Activity. Give the data below again exactly, and drop each picture from it.

Segment Start: Data segment

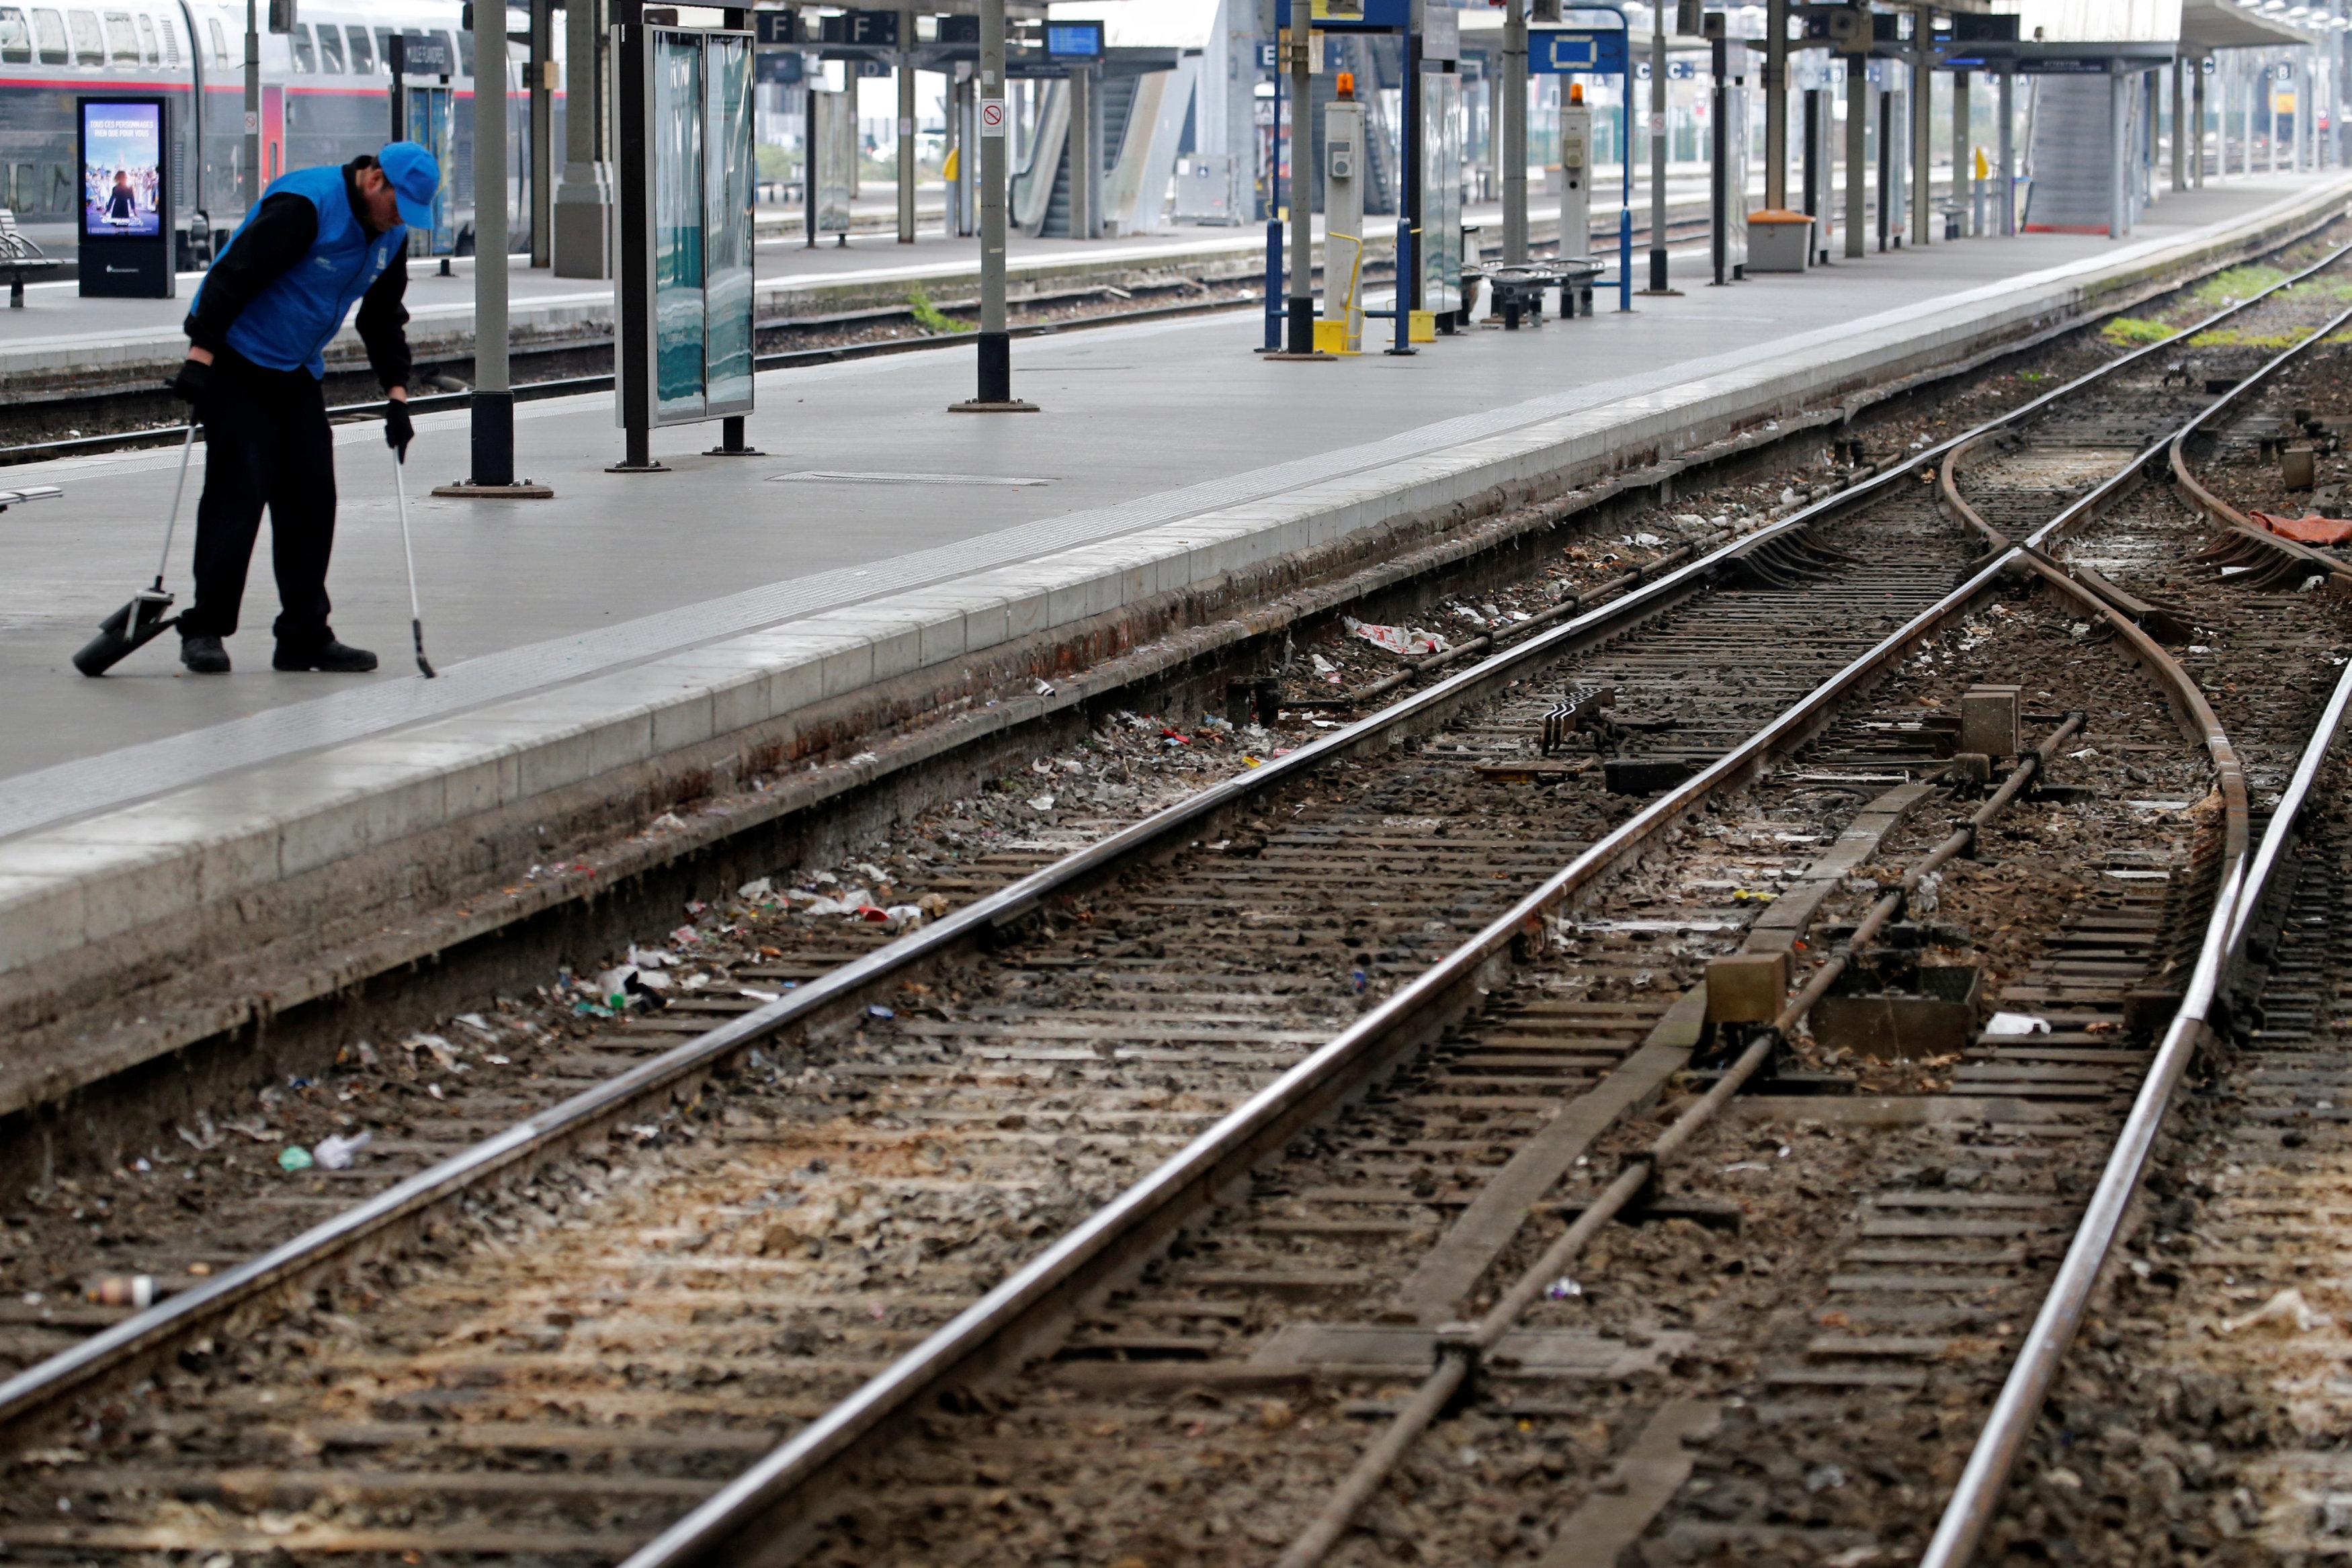 Macron's rail reforms and French union strikes
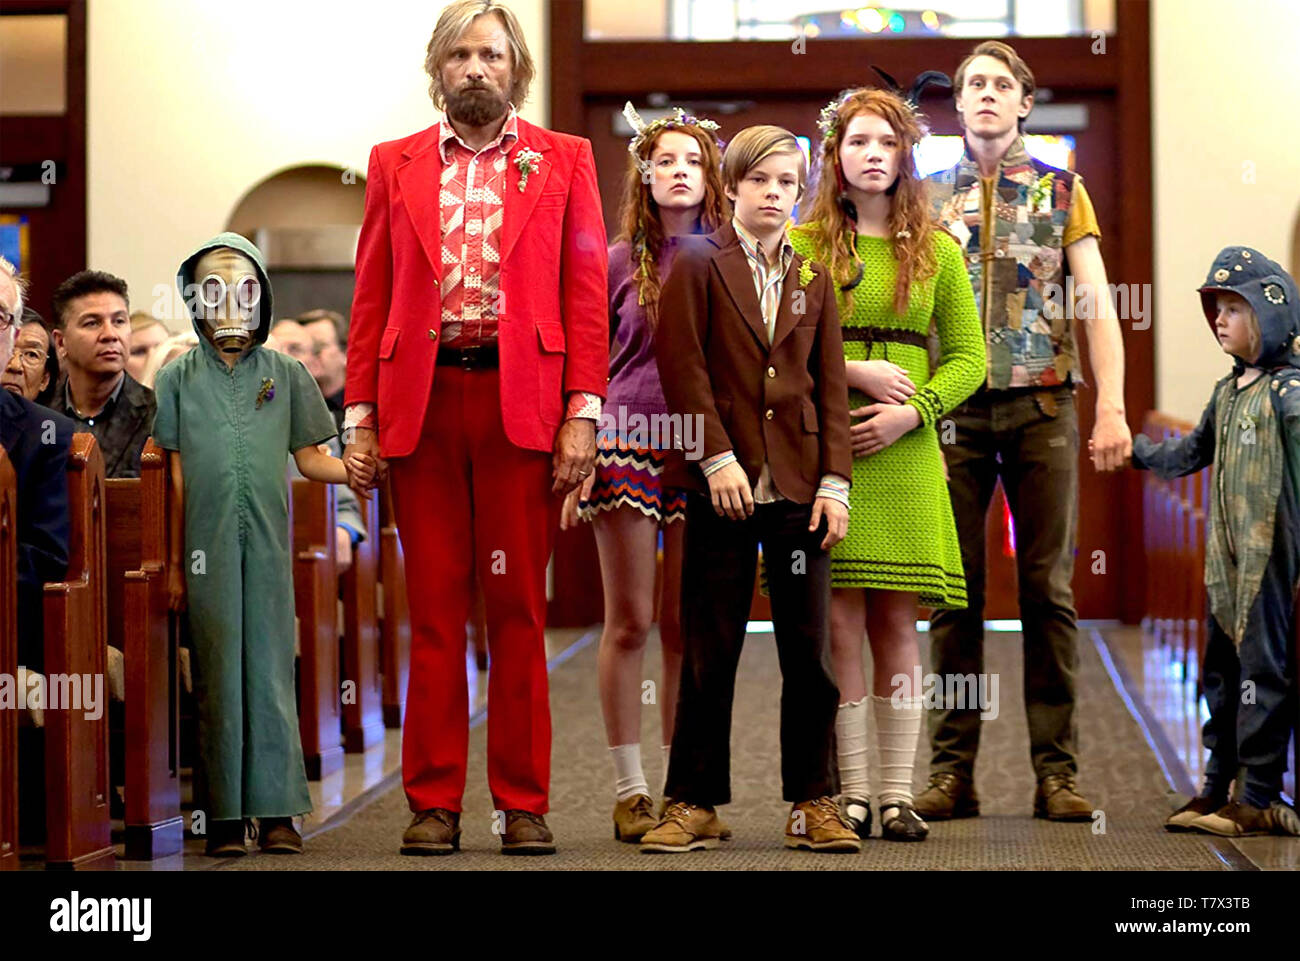 CAPTAIN FANTASTIC 2016 Electric City Entertainment film with Viggo Mortensen as Bern - Stock Image
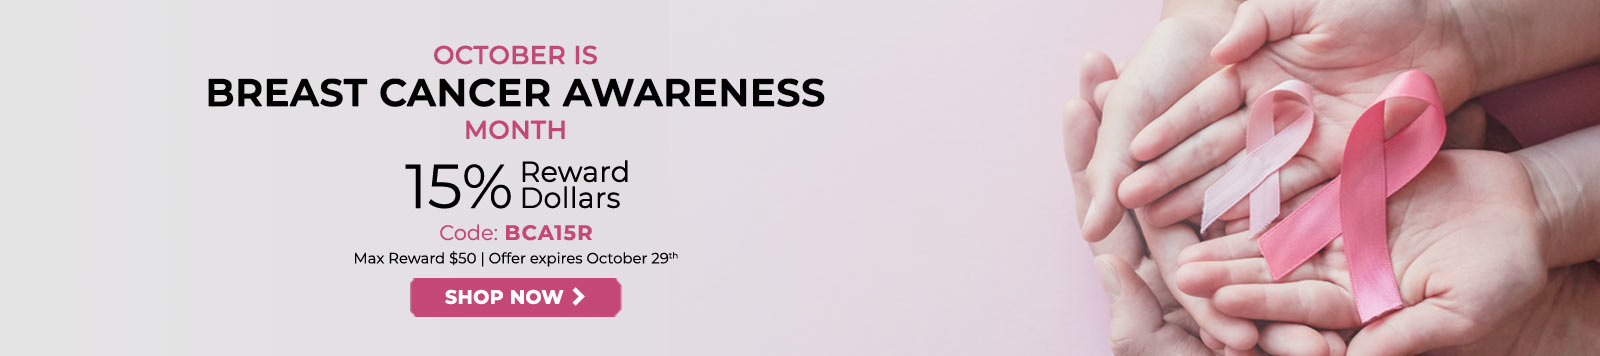 HPFY Breast Cancer
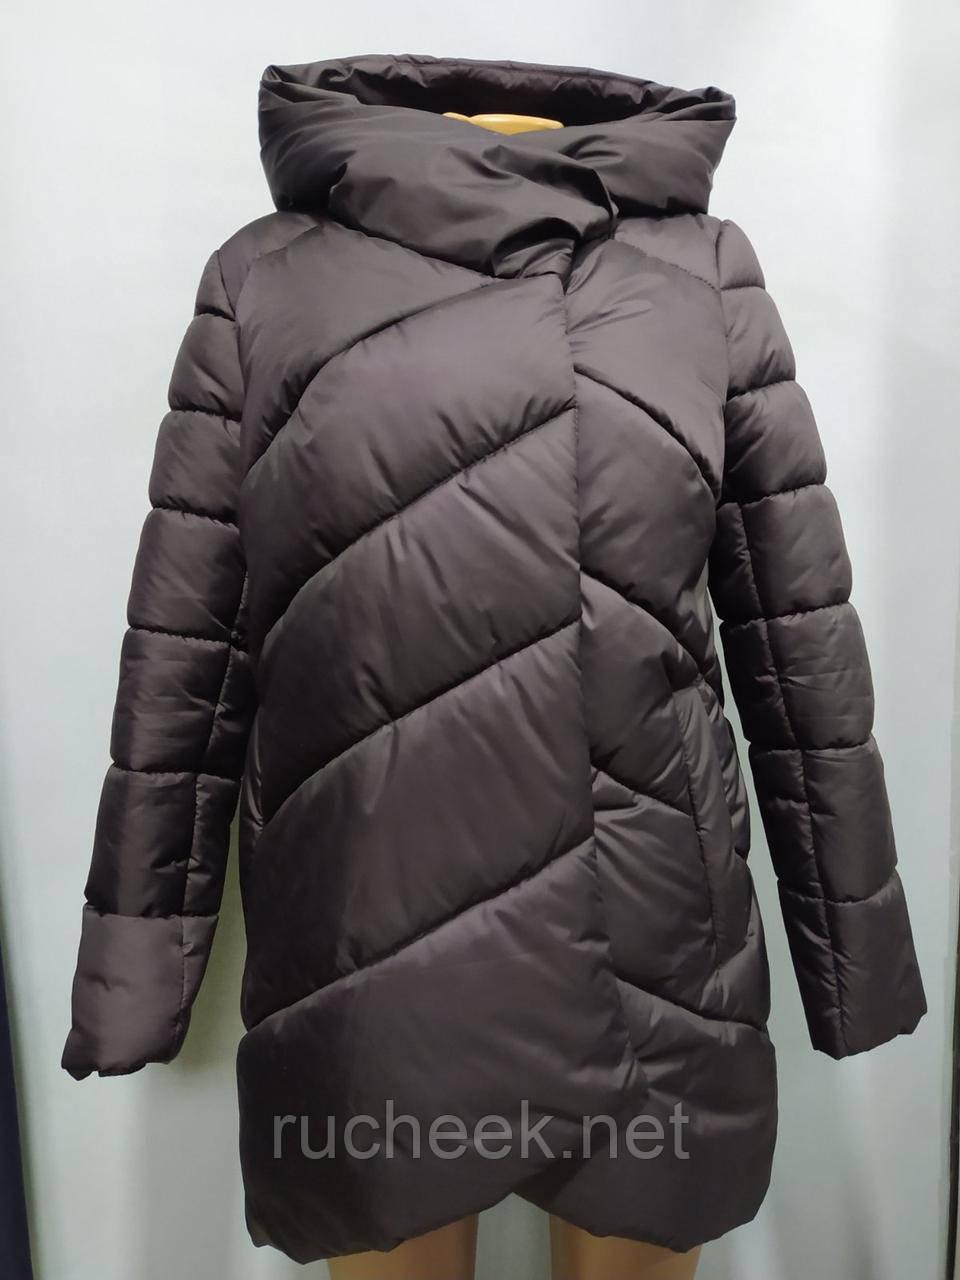 Зимняя куртка женская размер 46-48 цвет шоколад. Mangelo модель 221

Segment End: Data segment

Task solution.
 Macron's rail reforms and French union strikes
 CAPTAIN FANTASTIC 2016 Electric City Entertainment film with Viggo Mortensen as Bern - Stock Image
 HPFY Breast Cancer
 Зимняя куртка женская размер 46-48 цвет шоколад. Mangelo модель 221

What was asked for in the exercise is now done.